Takahashi n’a pas pu être joint pour commenter, mais il a nié à plusieurs reprises les allégations de corruption. Aoki a déclaré en septembre qu’il continuerait à coopérer avec les autorités suite à l’inculpation de son président, qui n’a pas pu être joint pour commenter. Daiko a déclaré qu’il coopérerait pleinement avec les enquêteurs après l’arrestation d’un de ses dirigeants le mois dernier.

Taisuke Matsumoto, expert en droit du sport à l’Université Waseda, a déclaré que le Japon devrait mettre fin au rôle que des intermédiaires tels que Takahashi avaient joué dans la sélection des sponsors s’il voulait accueillir les Jeux olympiques d’hiver de 2030.

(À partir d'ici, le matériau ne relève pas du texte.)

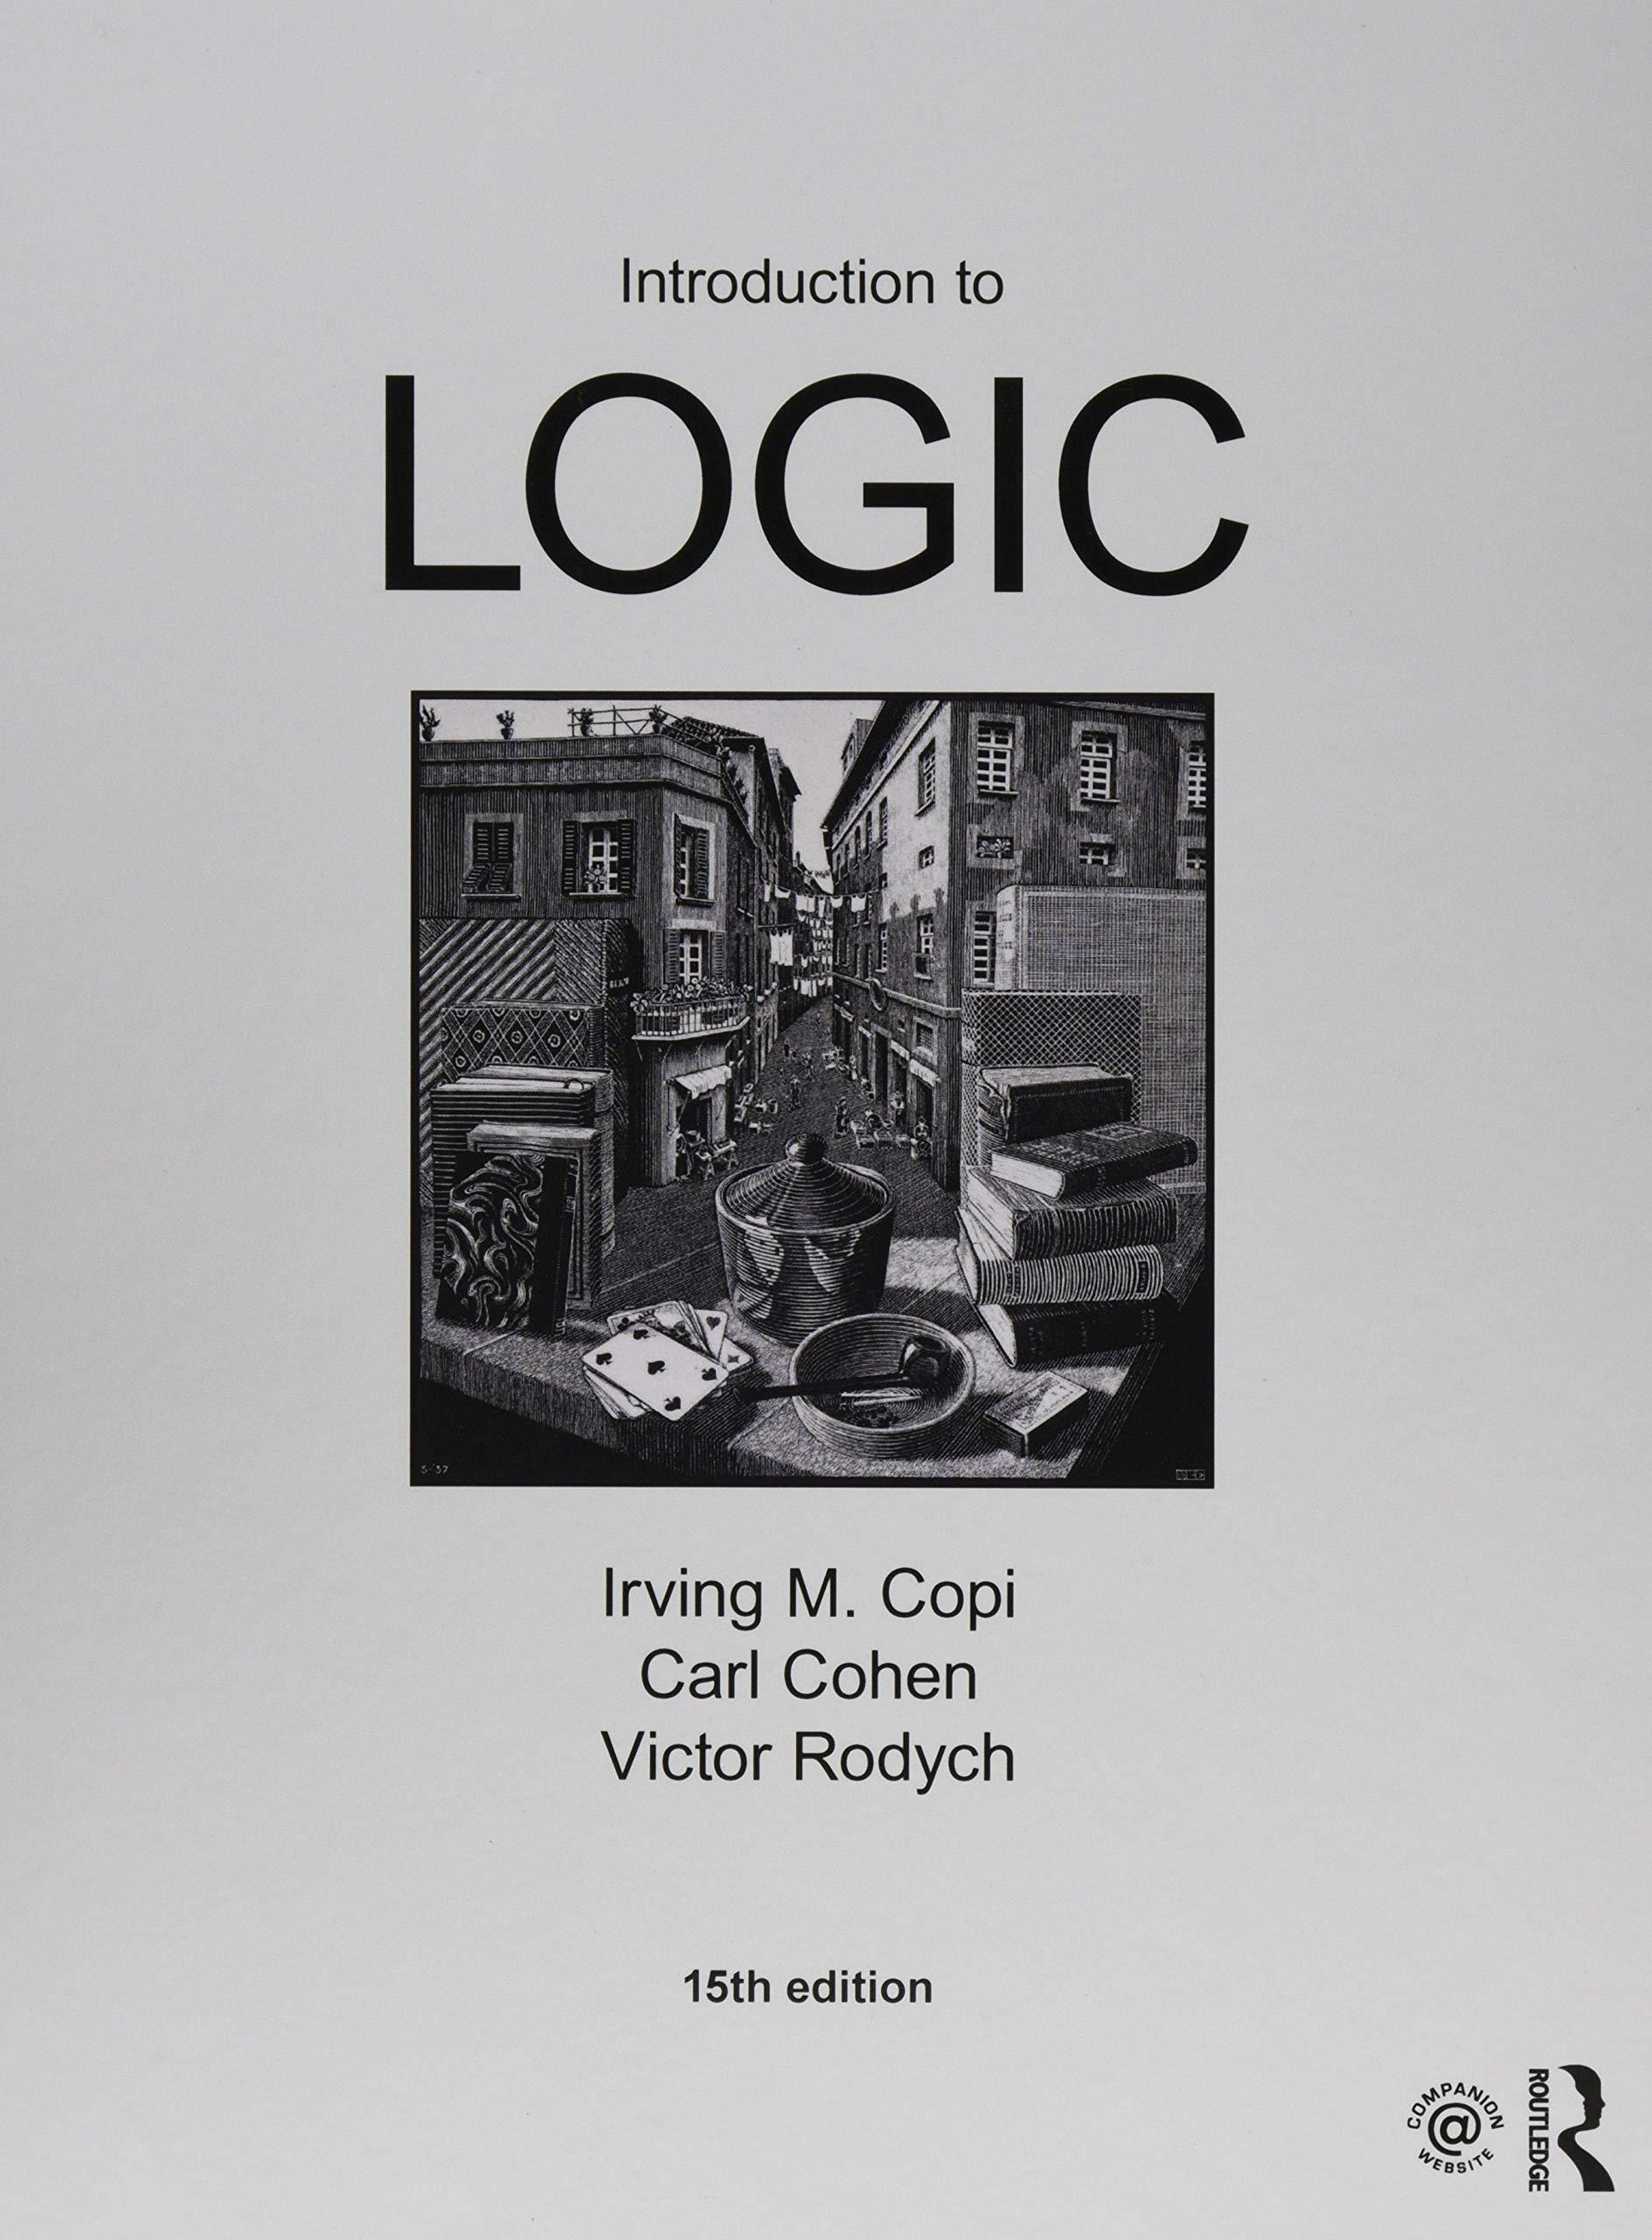 introduction to logic 15th edition irving m. copi, carl cohen, victor rodych 1138500860, 9781138500860

« Une supervision indépendante est nécessaire pour qu’une organisation hôte améliore la gouvernance avant les Jeux de Sapporo », a déclaré Matsumoto.

De retour à Osaka, la société de liquidation Shoichi a réussi à récupérer une partie de la valeur de la marchandise des Jeux. Mais le président de la société, Shoichi Yamamoto, a critiqué les organisateurs des Jeux, affirmant que certains sponsors se retrouvaient avec d’énormes stocks après la fin de leurs contrats à la fin de l’année dernière et n’avaient d’autre choix que de jeter leurs marchandises.

« Cela semble irresponsable pour le comité d’organisation des Jeux de se dissoudre sans s’occuper des stocks invendus, même si les Jeux valorisent les objectifs de développement durable », a déclaré Yamamoto.